A detailed analysis of this evidence of the state of customary international law on extraterritorial criminal responsibility for child sex offences is currently underway at the University of British Columbia. The findings of the UBC Human Trafficking Working Group will be released within the year.
Towards Active Enforcement
Research shows that general deterrence in criminal law is largely driven by the extent to which a given law is enforced. The likelihood of being charged deters would-be offenders.
Unfortunately, because Canada’s approach to enforcing its extraterritorial child sex offender law has been passive, it is likely not deterring child sex offenders from travelling overseas to seek out victims.
Donald Bakker, the only individual convicted to date under our law, was initially being investigated for abusing prostitutes in the Vancouver area. It was by chance that a police search discovered evidence of his abuse of children overseas and led to charges for those allegations.

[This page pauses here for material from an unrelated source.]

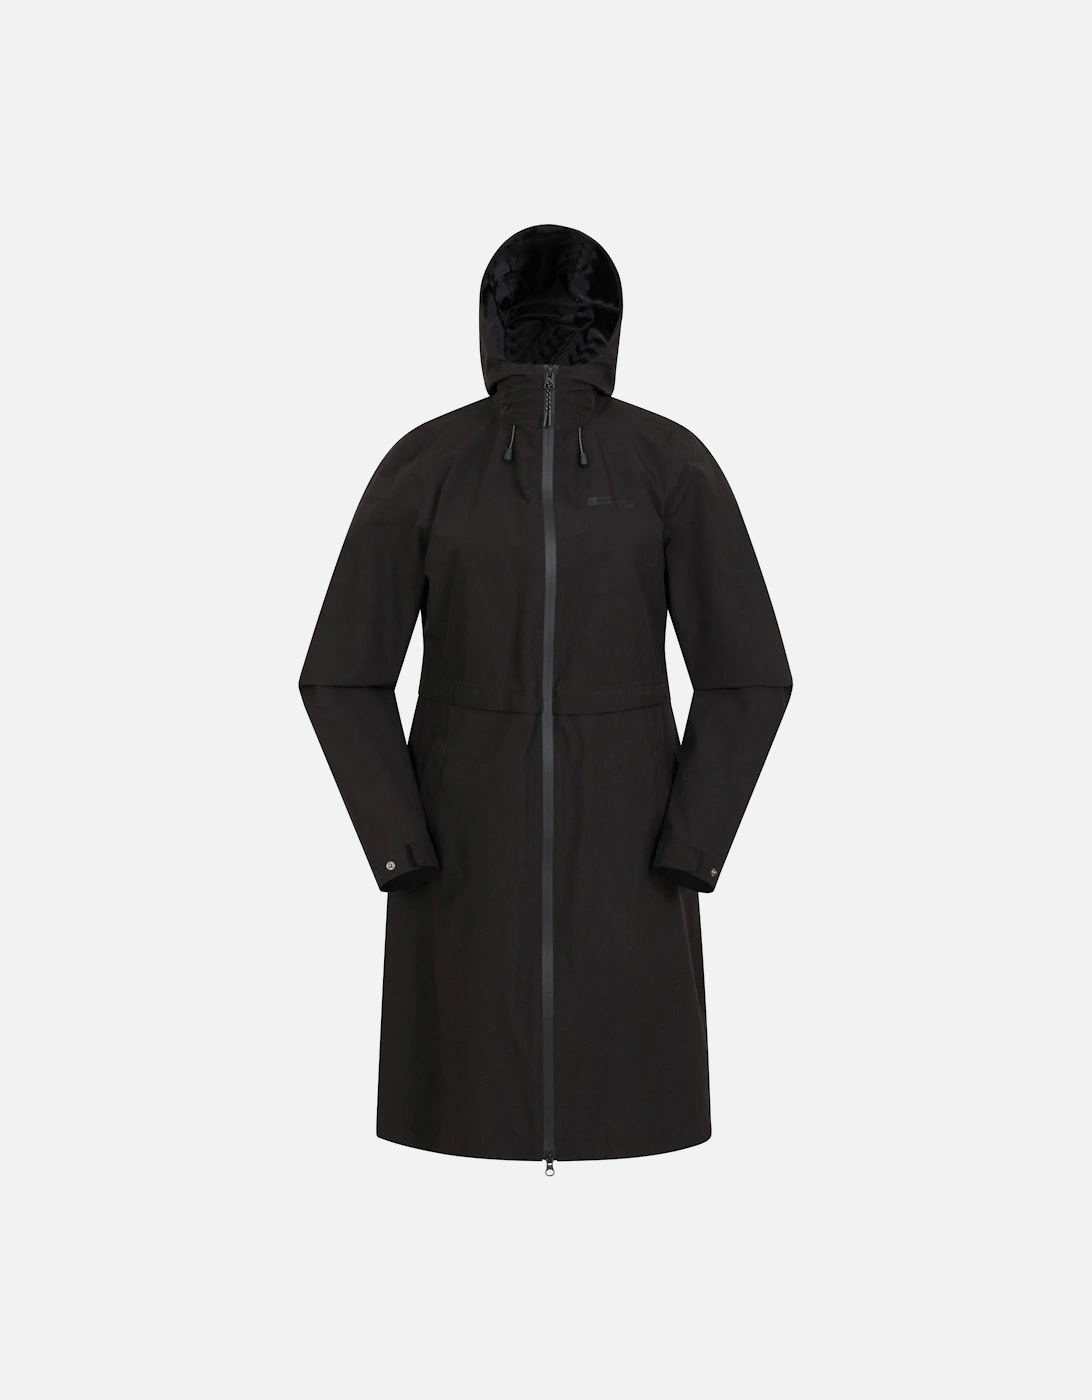 Womens/Ladies Hilltop Extra Long Waterproof Jacket, 5 of 4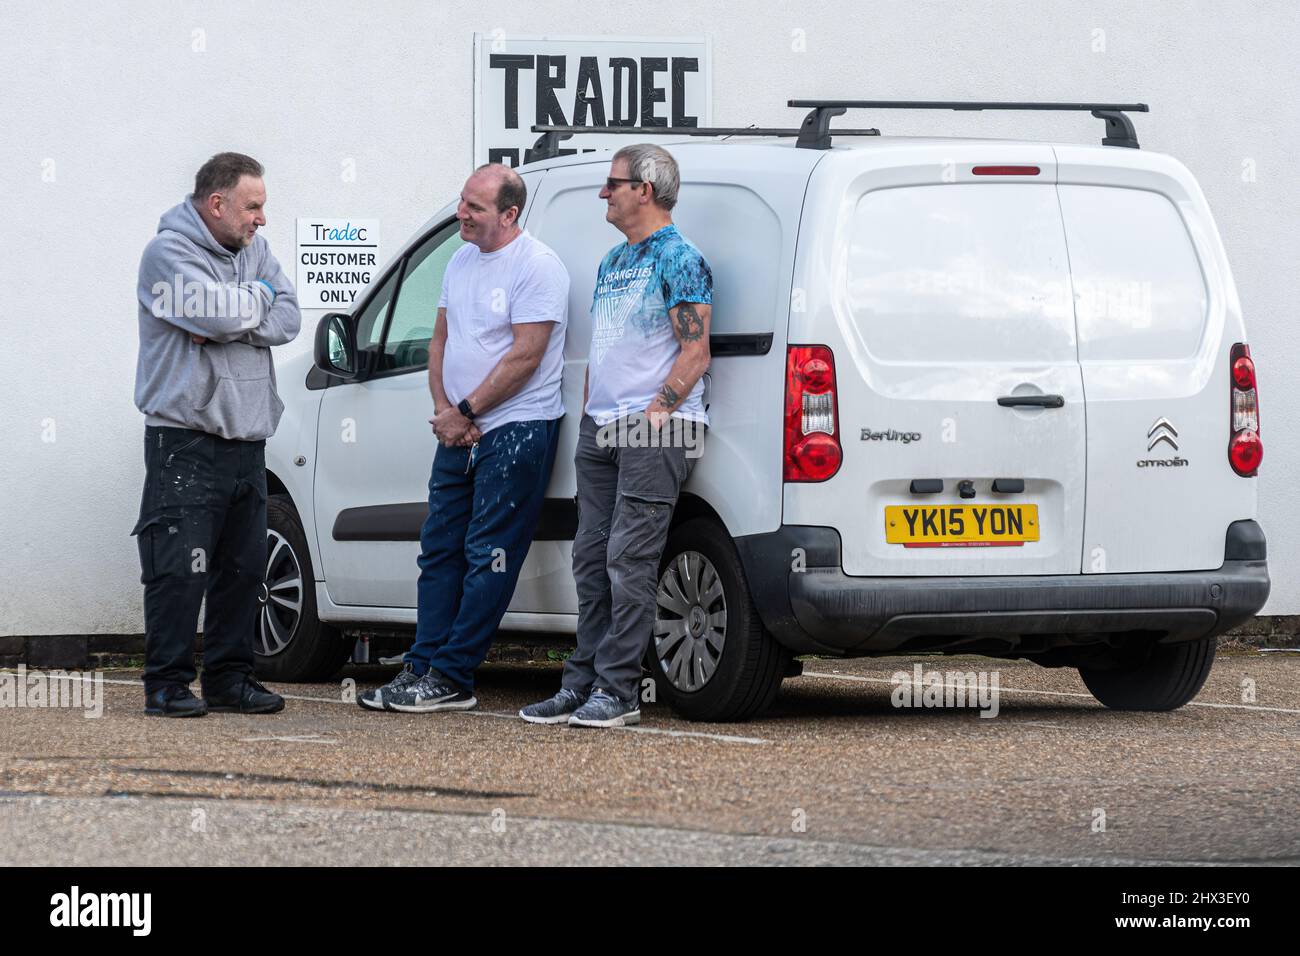 Tres hombres de trabajo pintores de pie en una furgoneta charlando y bromeando en el aparcamiento de un negocio de pintura y decoración, Reino Unido vida laboral cotidiana Foto de stock

Similarly, charges laid in February against Armand Huard and Denis Rochefort of Quebec City under our extraterritorial child sex offender law only took place after the Government of Haiti contacted United Nations officials about allegations that the aid workers were sexually abusing orphans. It was only at that point that the RCMP and Sûreté du Québec got involved.
Unlike Australia and the United States which actively employ liaison officers in child sex tourism hotspots to facilitate investigations and cooperate with local authorities, Canada’s RCMP liaison officer program does not appear to have a pro-active mandate to enforce our extraterritorial child sex offender law. That needs to change, beginning with a focus on Southeast Asia.
Committing to Combat Child Sex Exploitation Abroad
As Canadians, we view ourselves as good global citizens. Unfortunately, at the moment we are contributing more to the global problem of child sexual exploitation than we are to the solution. We need to start with addressing the serious harm that some Canadians are causing by sexually exploiting children in developing countries.
Our extraterritorial child sex offender law is sound under international law. Prosecutors should not hesitate to lay charges where sufficient evidence exists. What is needed is a deliberate policy-shift towards actively enforcing this law, together with a commitment of law enforcement resources to make that a reality.
Benjamin Perrin is assistant professor at the UBC’s faculty of law and is a faculty associate at the Liu Institute for Global Issues. He is a member of the Law Society of Upper Canada and founder of The Future Group, a non-governmental organization that combats human trafficking and child sex tourism.